Für die Homepage des Denkmals wurden außerdem Video-Porträts mit Nachkommen von Verfolgten und Unterrichtsmaterialien ab der 8. Schulstufe entwickelt. Zentral ist dabei die Fragestellung, wie das Widerstandsmahnmal in den Unterricht eingebaut werden kann. Lehrende erhalten dazu Anregungen. (http://www.widerstandsmahnmal-bregenz.at/)

Zeitzeugenschaft in der Geschichtsdidaktik

Angelika Brechelmacher (Klagenfurt)

ZeitzeugInnenberichte – insbesondere über den Holocaust – stellen ein wichtiges didaktisches Medium dar. Erinnerungen sind persönlich, nicht immer repräsentativ, und in ihrer Detailliertheit und Struktur abhängig vom Alter der Erzählenden zur Zeit der Verfolgung, ebenso wie von ihrer Erfahrung, darüber zu berichten. Je nach zeitlichen, sozialen, persönlichen Umständen treten im Lauf der Jahre Erinnerungen in den Vordergrund, während andere verblassen.

Zusehends ist der Zugang zu Berichten von ZeitzeugInnen nicht mehr persönlich, sondern nur noch mittelbar über digitalisierte Medien möglich. Umso wichtiger werden in der didaktischen Verwendung Rekonstruktion und Verständnis des Kontextes, in dem das Gespräch stattfand.

Beispielhaft werden mehrere Interviews mit einer Wiener Zeitzeugin verglichen, die in einem Zeitfenster von 30 Jahren durch verschiedene Personen geführt wurden, ohne als authentische Erinnerung in Frage gestellt zu werden.

„Asozialität“ als Thema der historisch-politischen Bildung

Elke Rajal (Wien)

Ausgangspunkt des Vortrags ist die Stigmatisierung und Verfolgung von Menschen als „Asoziale“, die im Nationalsozialismus ihren Höhepunkt fand – ein Thema, das im gesellschaftlichen Diskurs lange ausgeblendet blieb und auch in der Zeitgeschichtsforschung erst wenig bearbeitet wurde.
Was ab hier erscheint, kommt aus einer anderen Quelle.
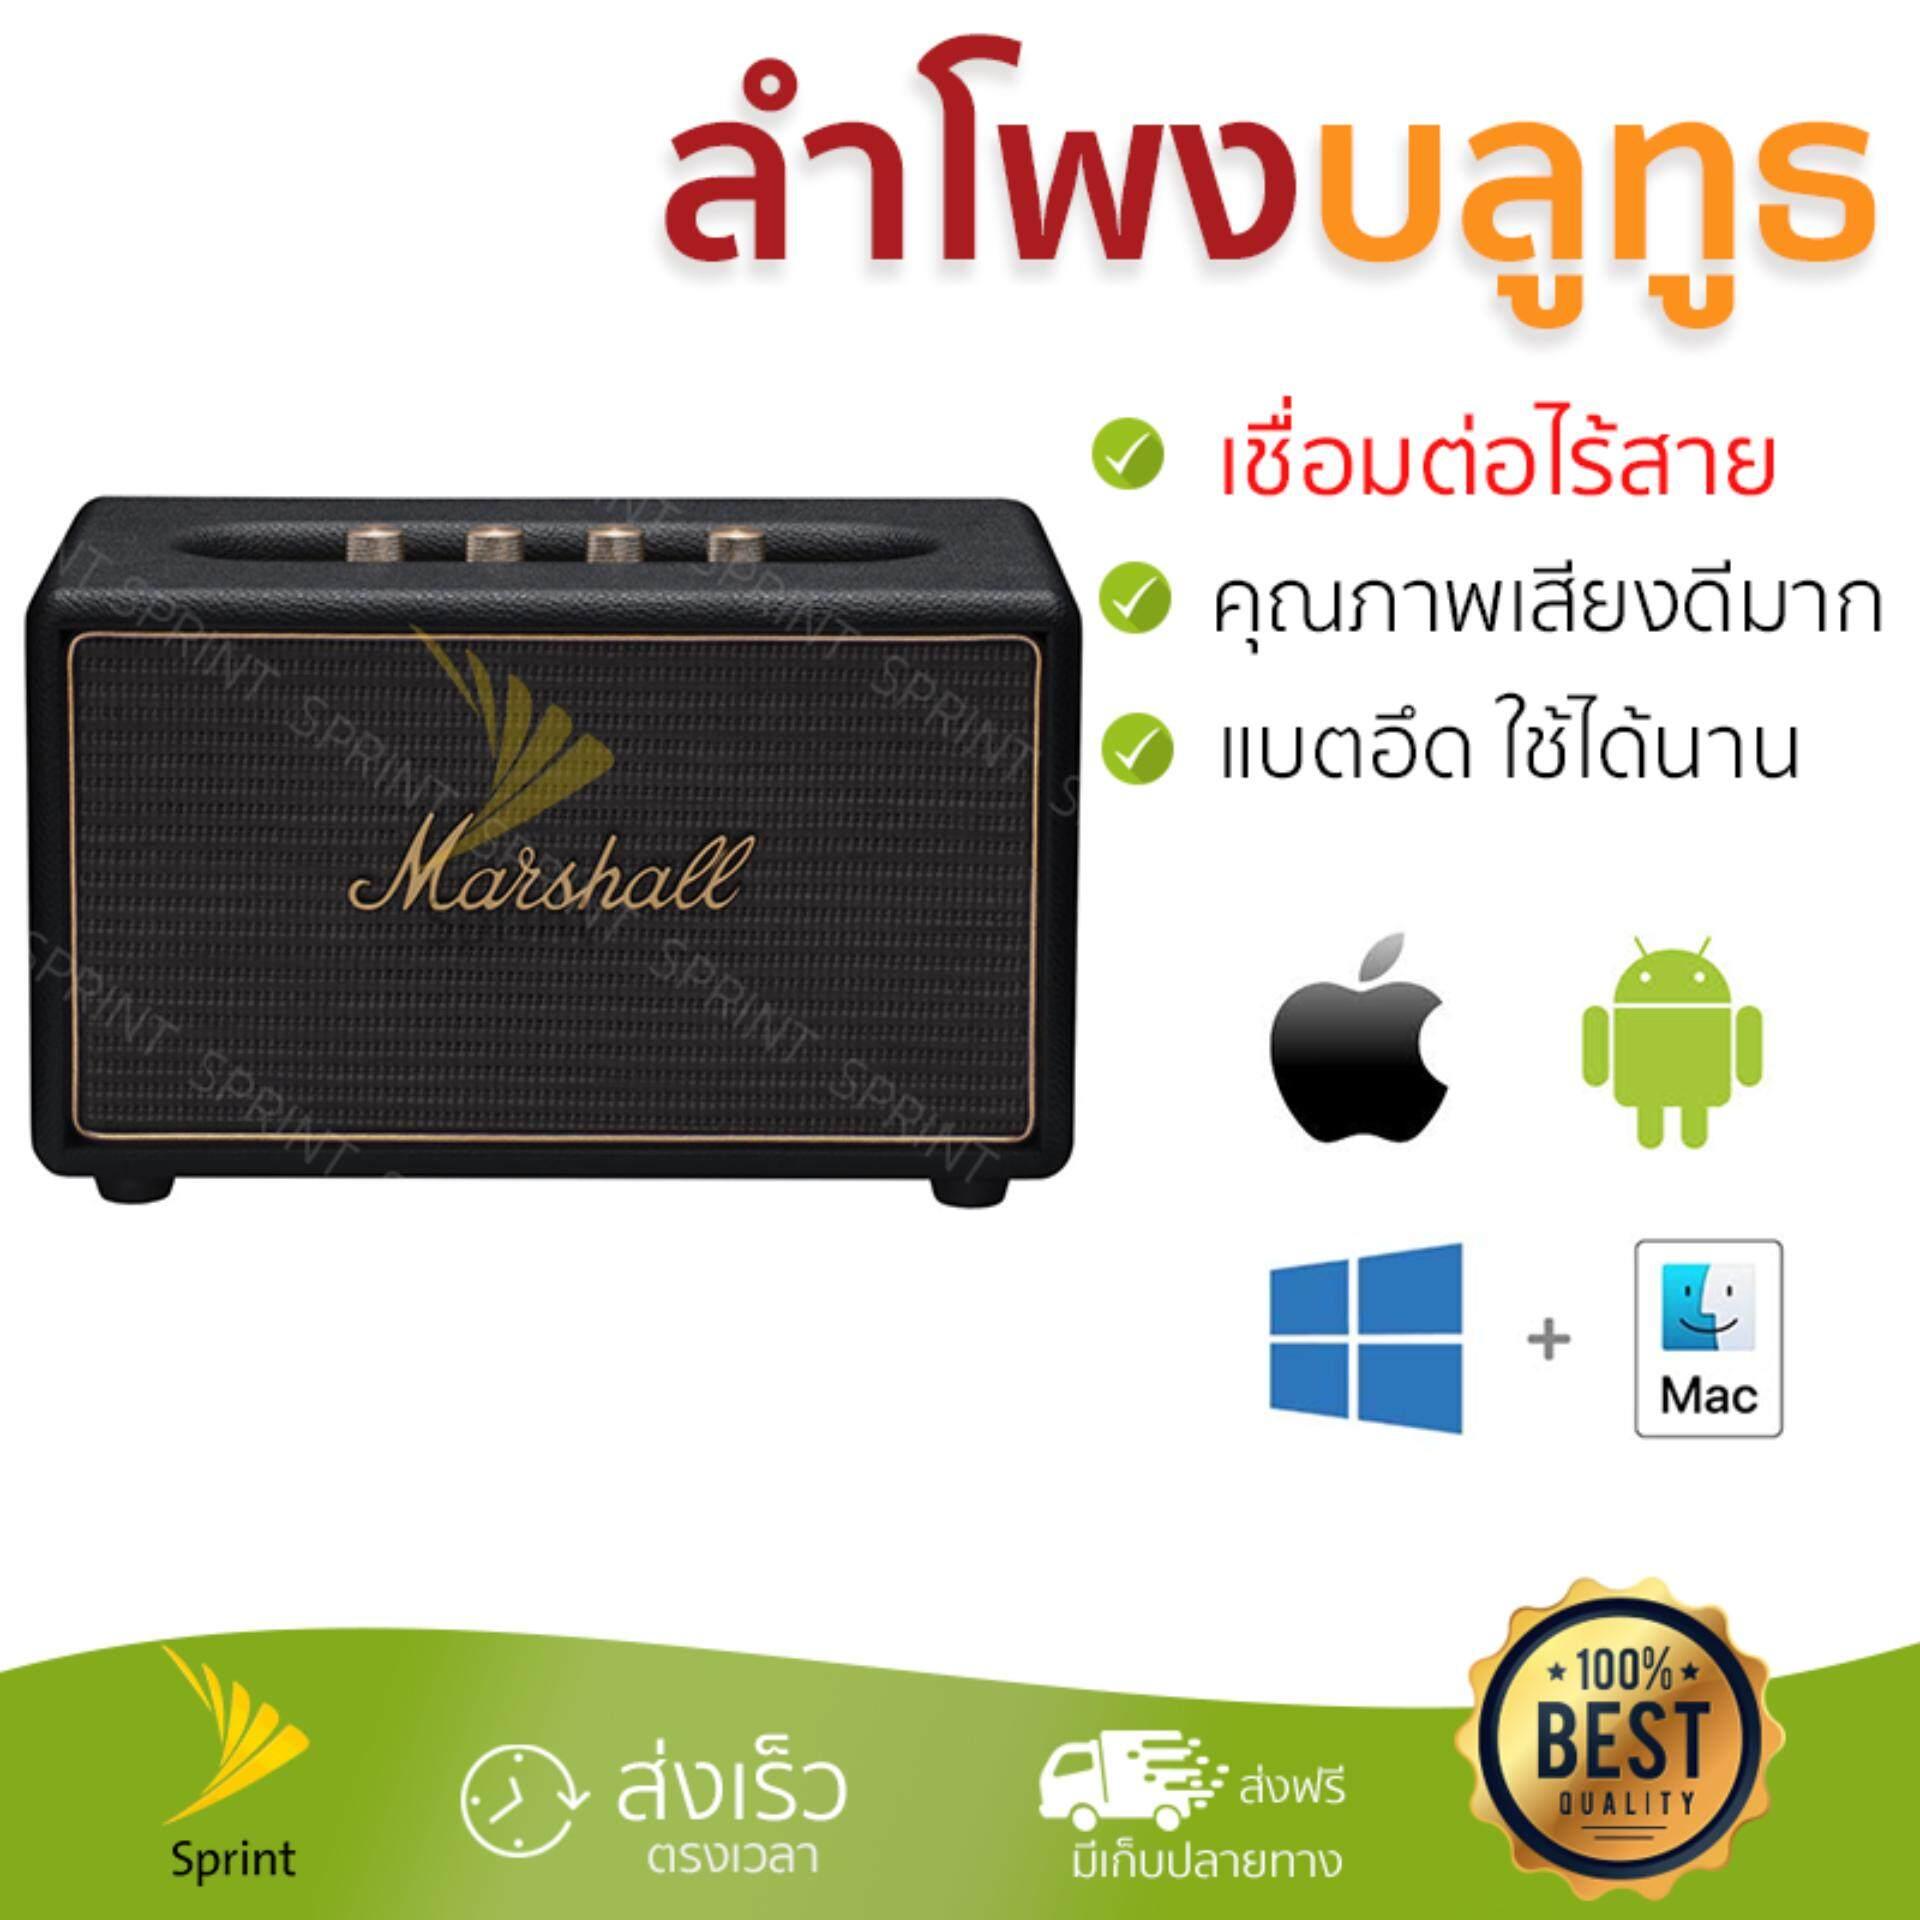 สอนใช้งาน  จัดส่งฟรี ลำโพงบลูทูธ  Marshall Bluetooth Speaker 2.1 Acton Multi-Room Black เสียงใส คุณภาพเกินตัว Wireless Bluetooth Speaker รับประกัน 1 ปี

So ist anzunehmen – und ein Blick in die Schulbücher bestätigt dies –, dass das Thema auch in der schulischen Vermittlungsarbeit zum Nationalsozialismus höchstens erwähnt oder gänzlich ignoriert wird.

Der Vortrag widmet sich Möglichkeiten einer Vermittlungsarbeit zum Thema „Asozialität“. Beleuchtet werden die spezifischen Herausforderungen, die ein derart Stigma-behaftetes Thema für die pädagogische Arbeit mit sich bringen. Thematisiert werden zudem aktuelle Anknüpfungspunkte, wie etwa die andauernde Stigmatisierung von angeblich „Leistungsunwilligen“ und von Menschen, die einen vorgeblich „amoralischen Lebenswandel“ führen.